**Exercise goal:** Print the lines below from the line with "Flamengo é o" to the line with "Rodolfo Hernández le" exactly, keeping both ends, and print no pictures.

**Extracted entries:**
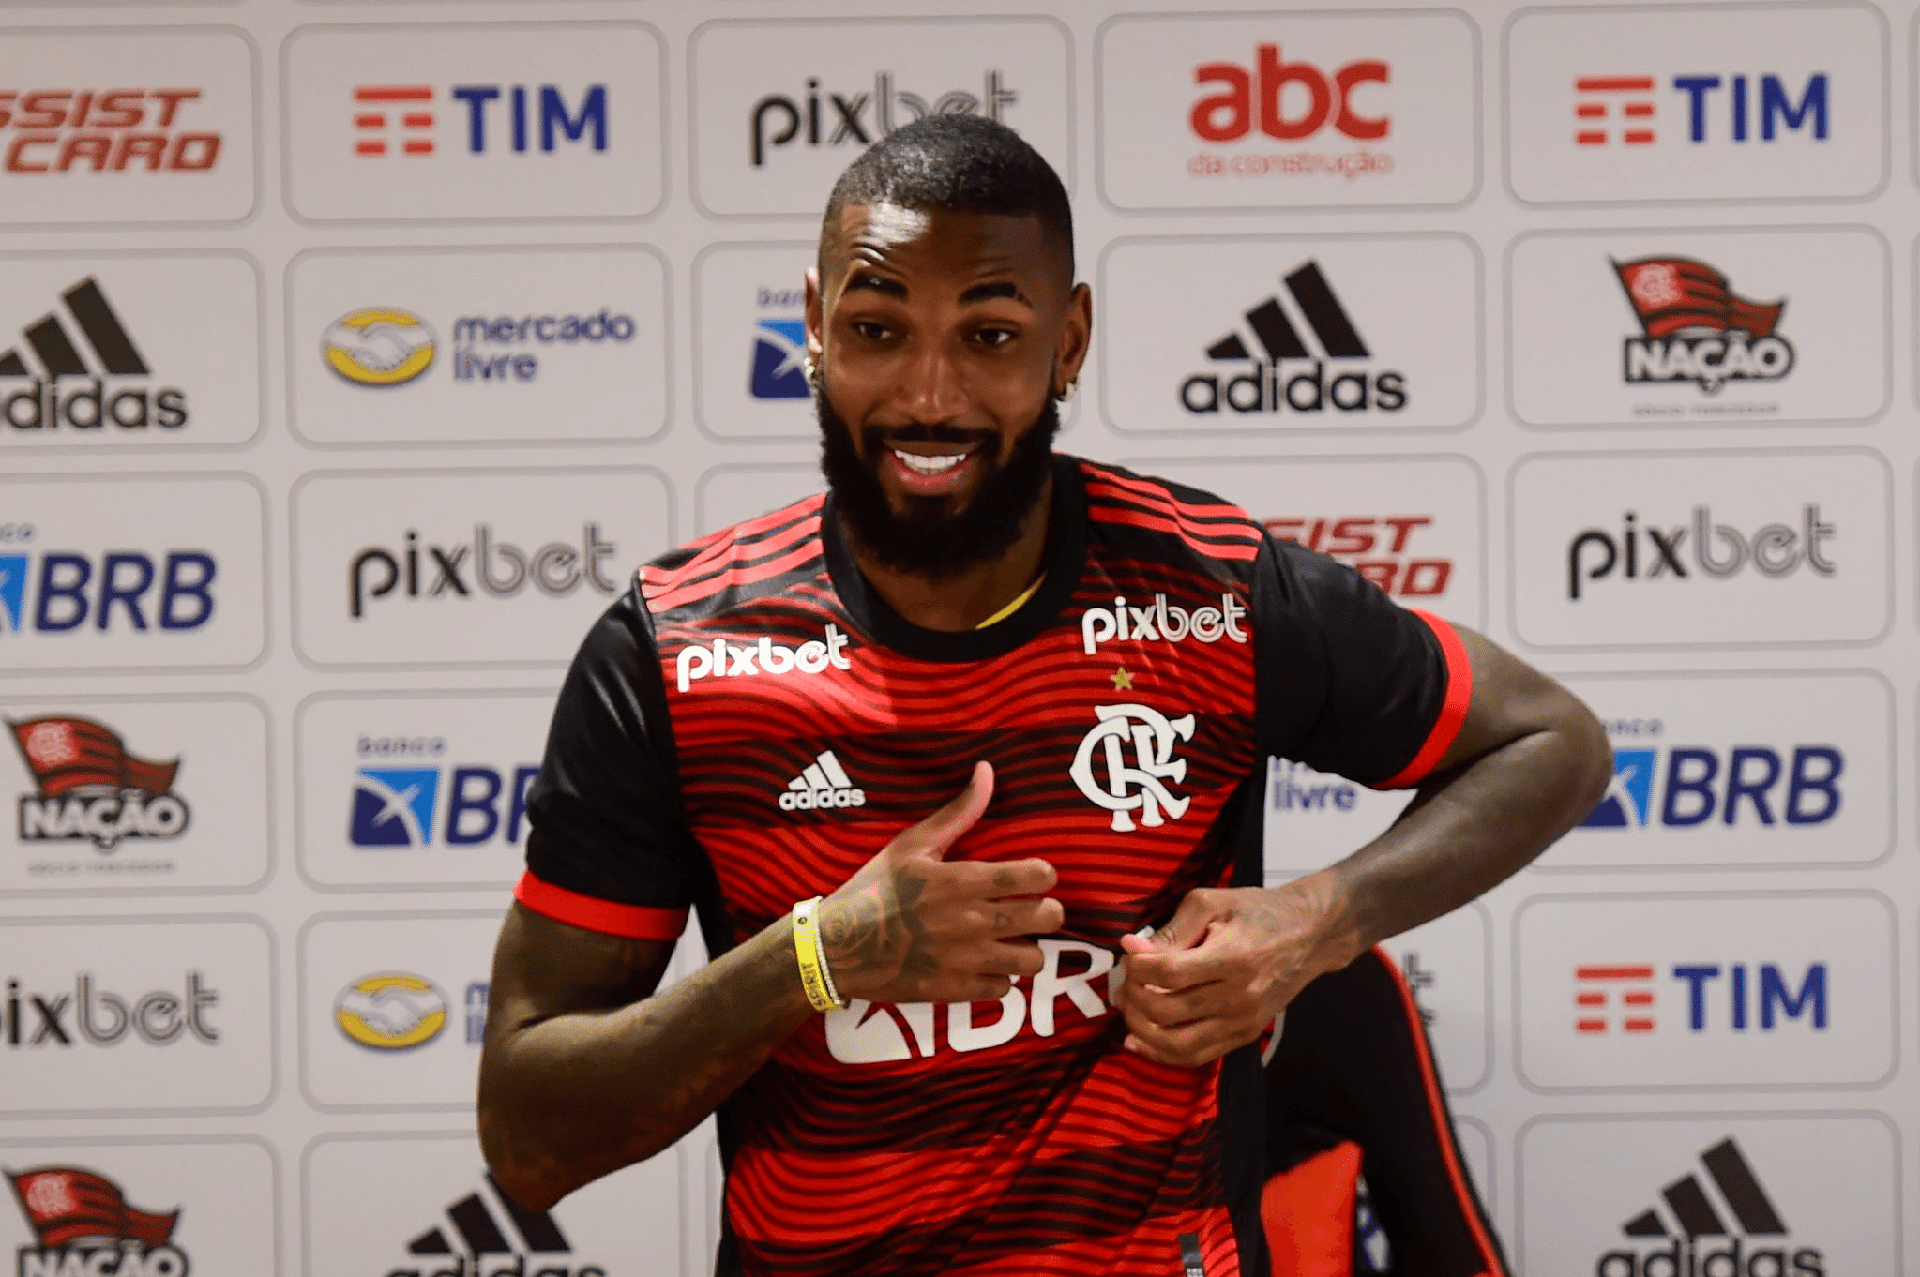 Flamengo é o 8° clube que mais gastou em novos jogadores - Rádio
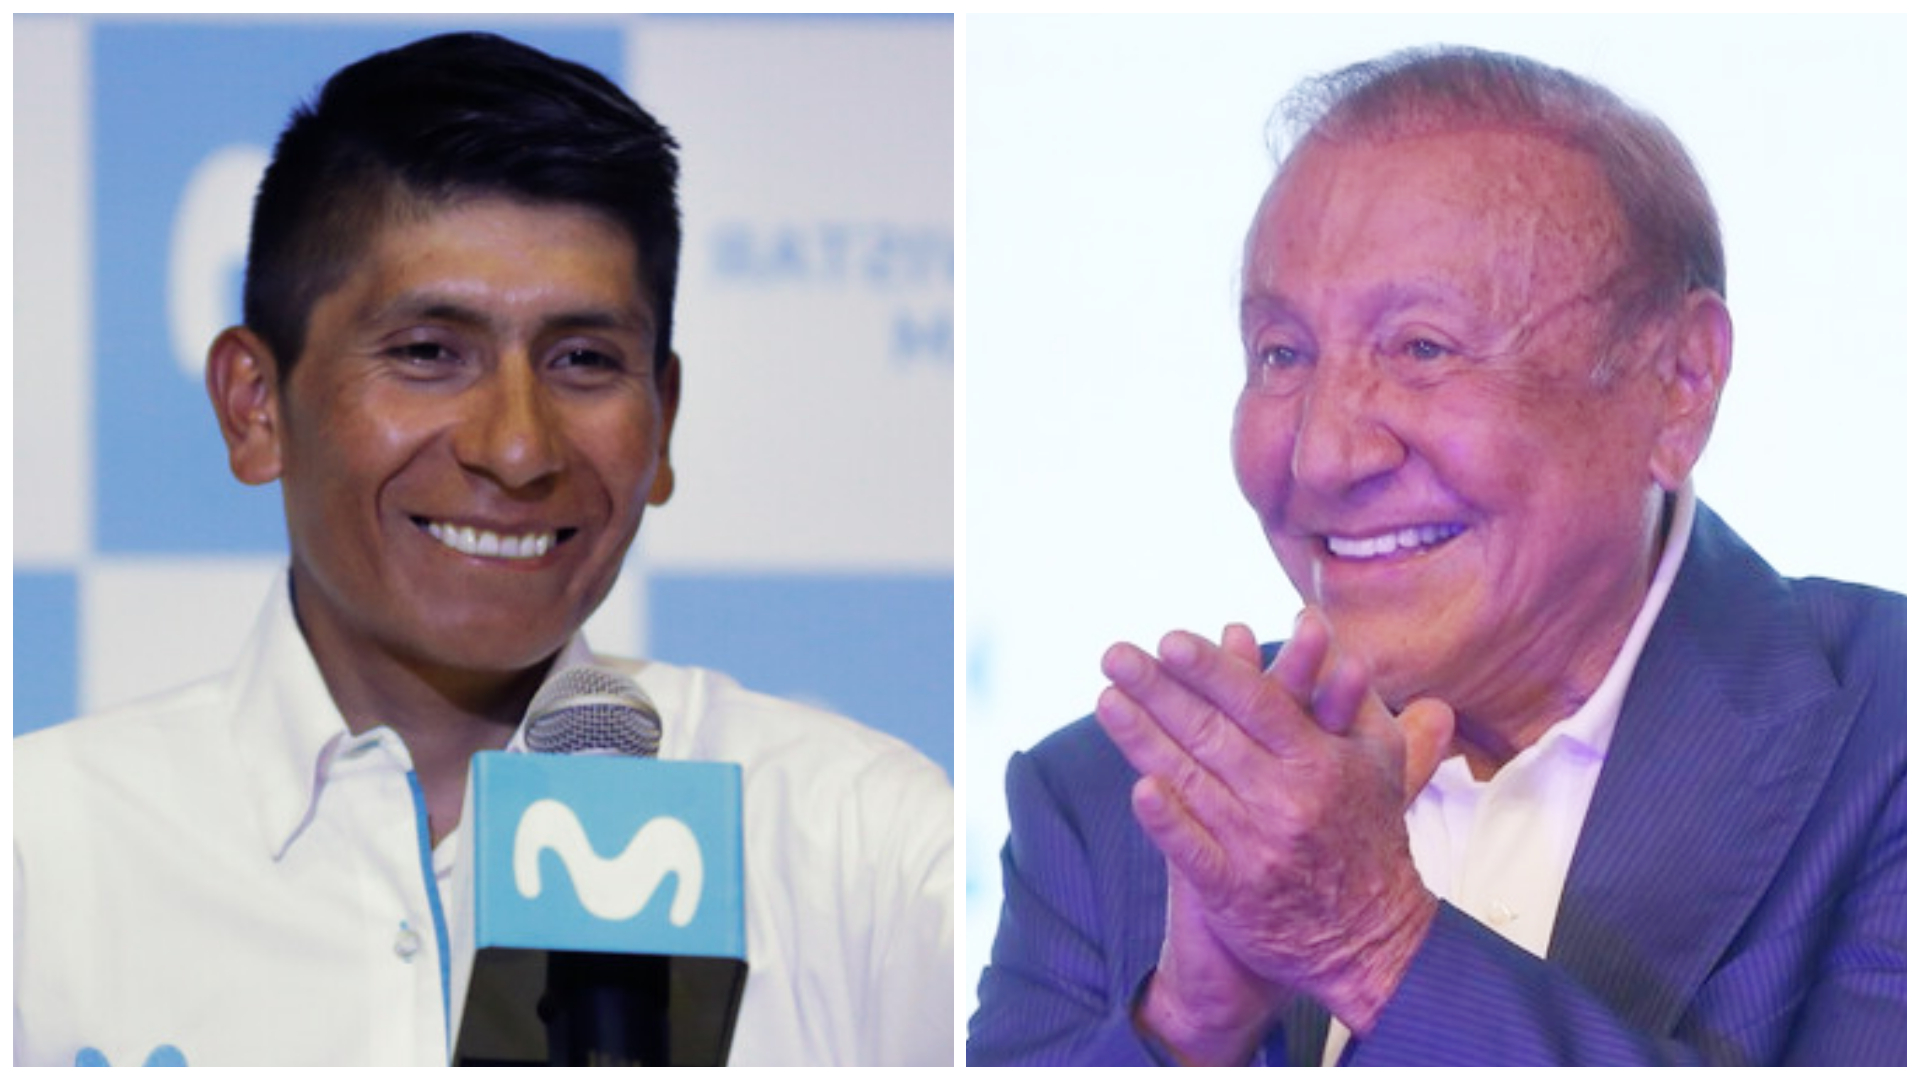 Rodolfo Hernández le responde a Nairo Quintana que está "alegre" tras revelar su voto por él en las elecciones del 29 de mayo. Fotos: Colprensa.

* * *

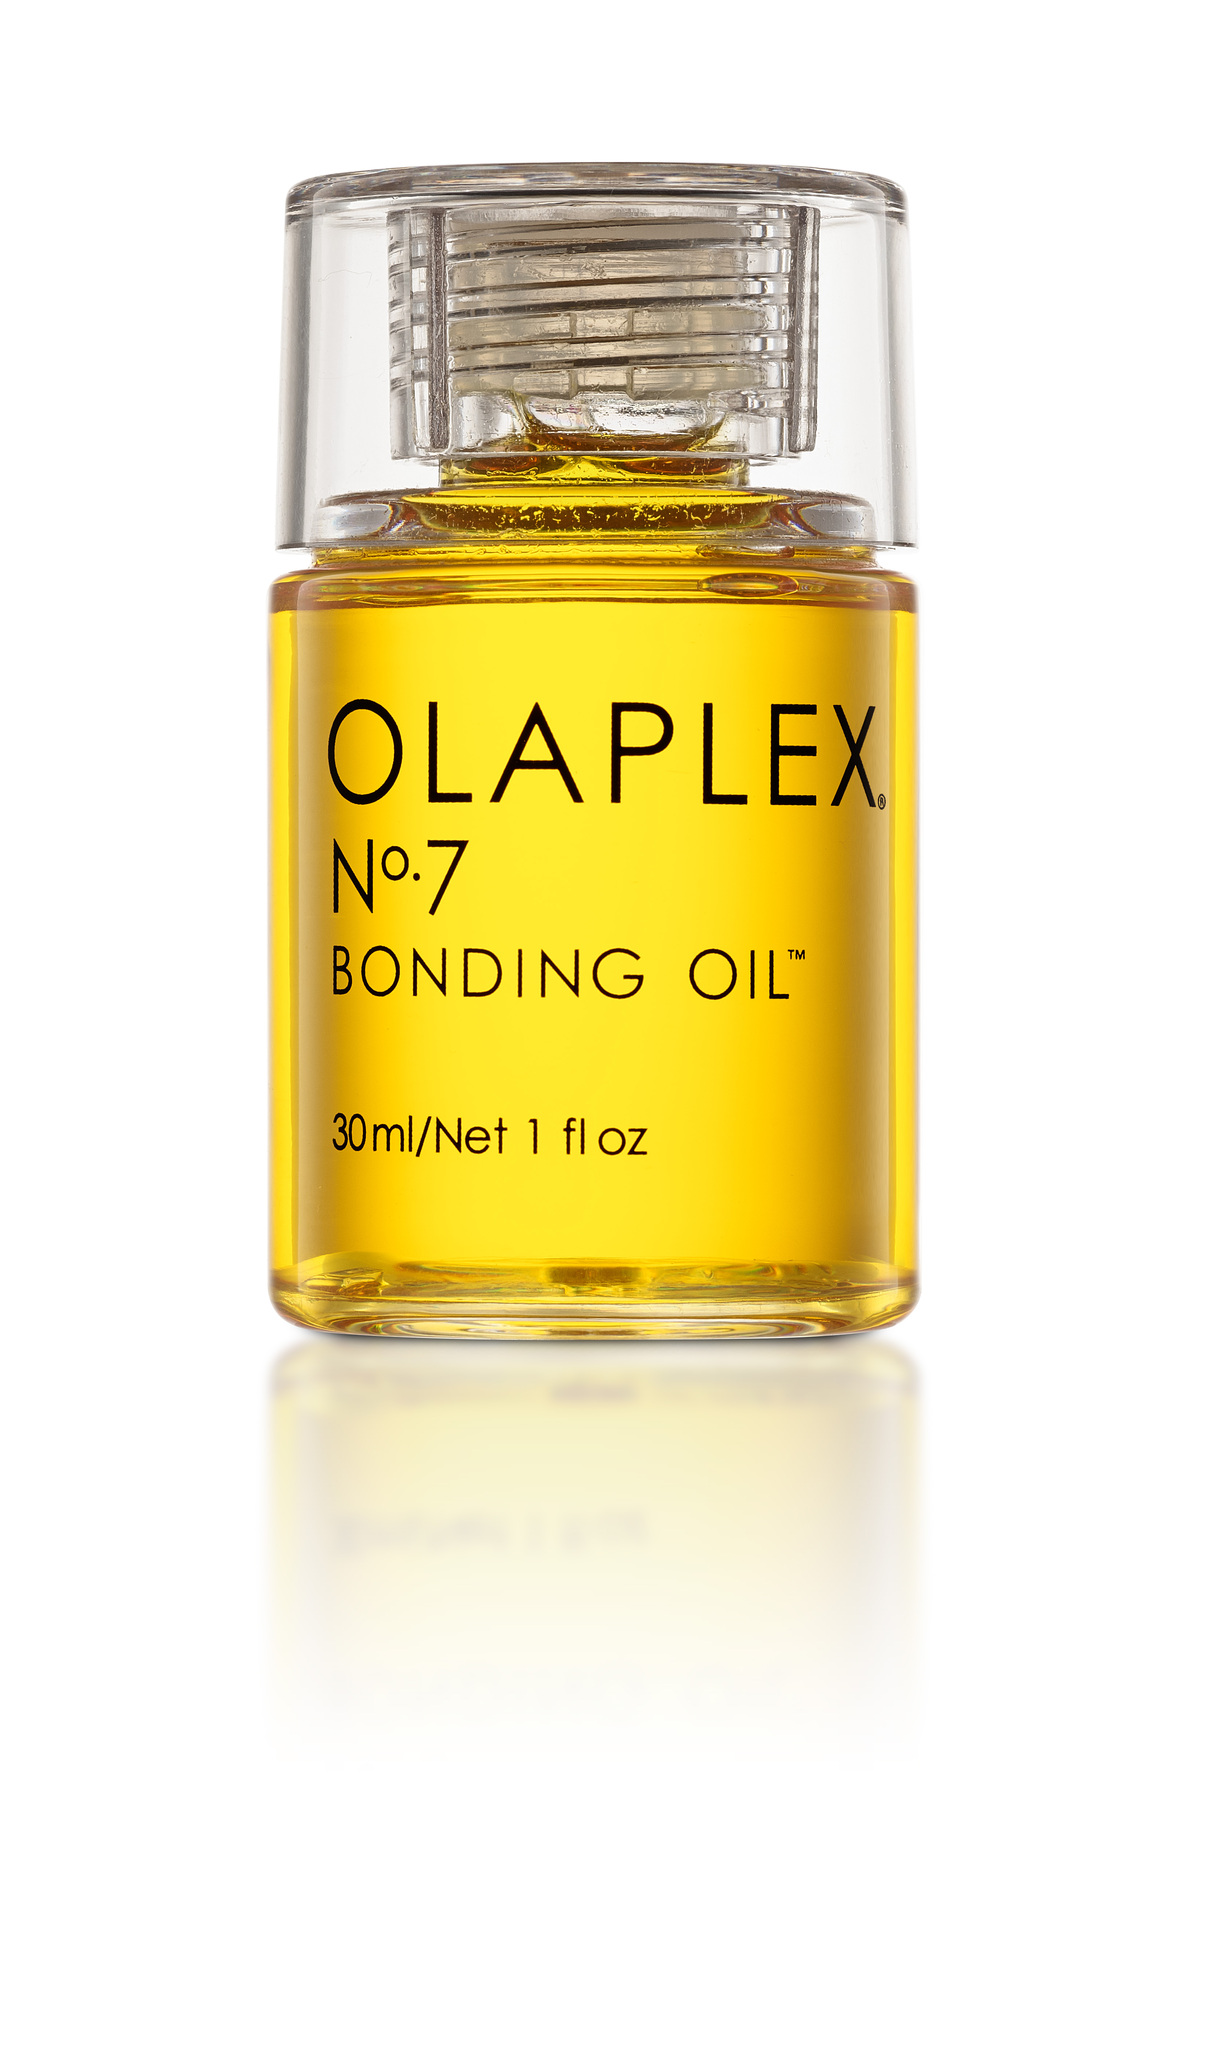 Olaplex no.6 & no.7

--

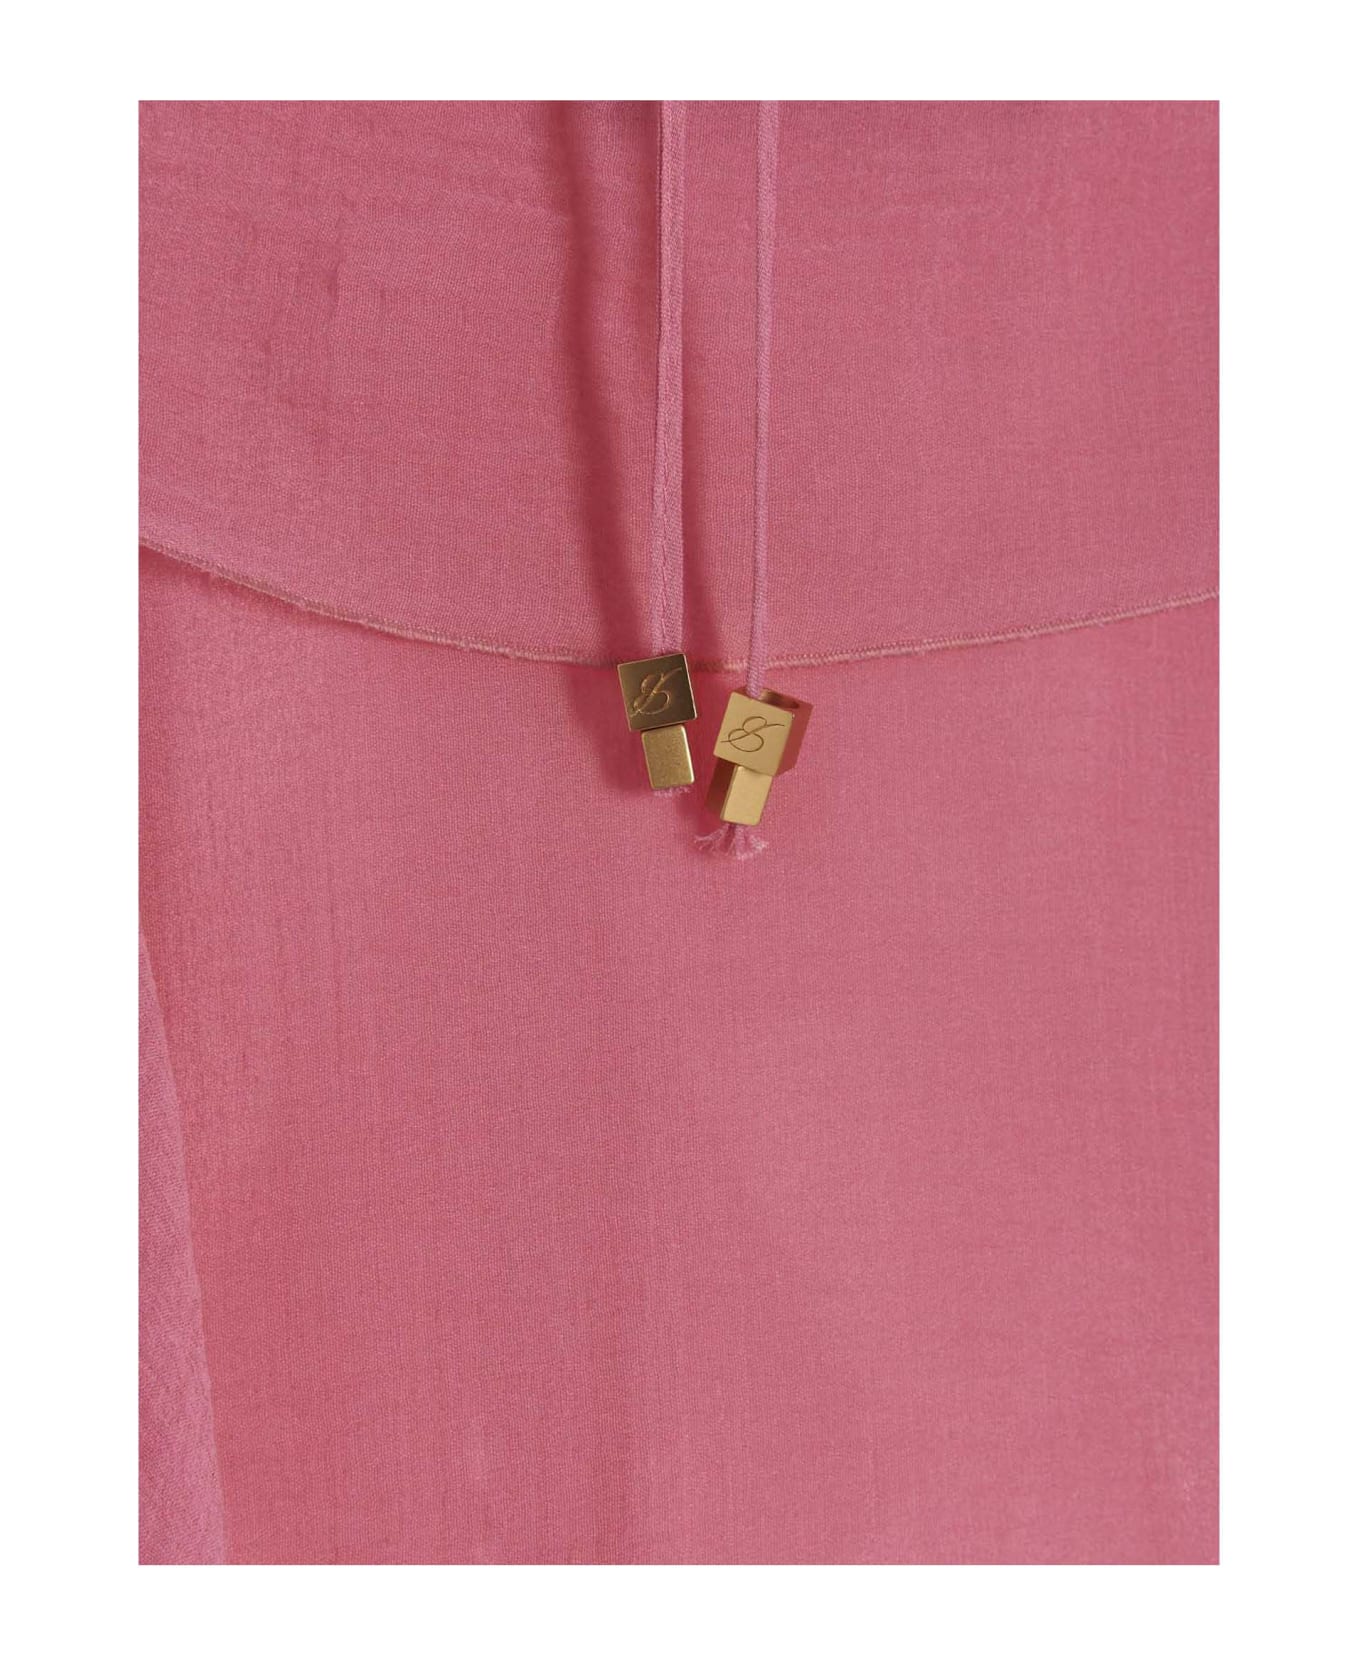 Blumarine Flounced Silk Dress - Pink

**Completed exercise:**
 Flamengo é o 8° clube que mais gastou em novos jogadores - Rádio
 Rodolfo Hernández le responde a Nairo Quintana que está "alegre" tras revelar su voto por él en las elecciones del 29 de mayo. Fotos: Colprensa.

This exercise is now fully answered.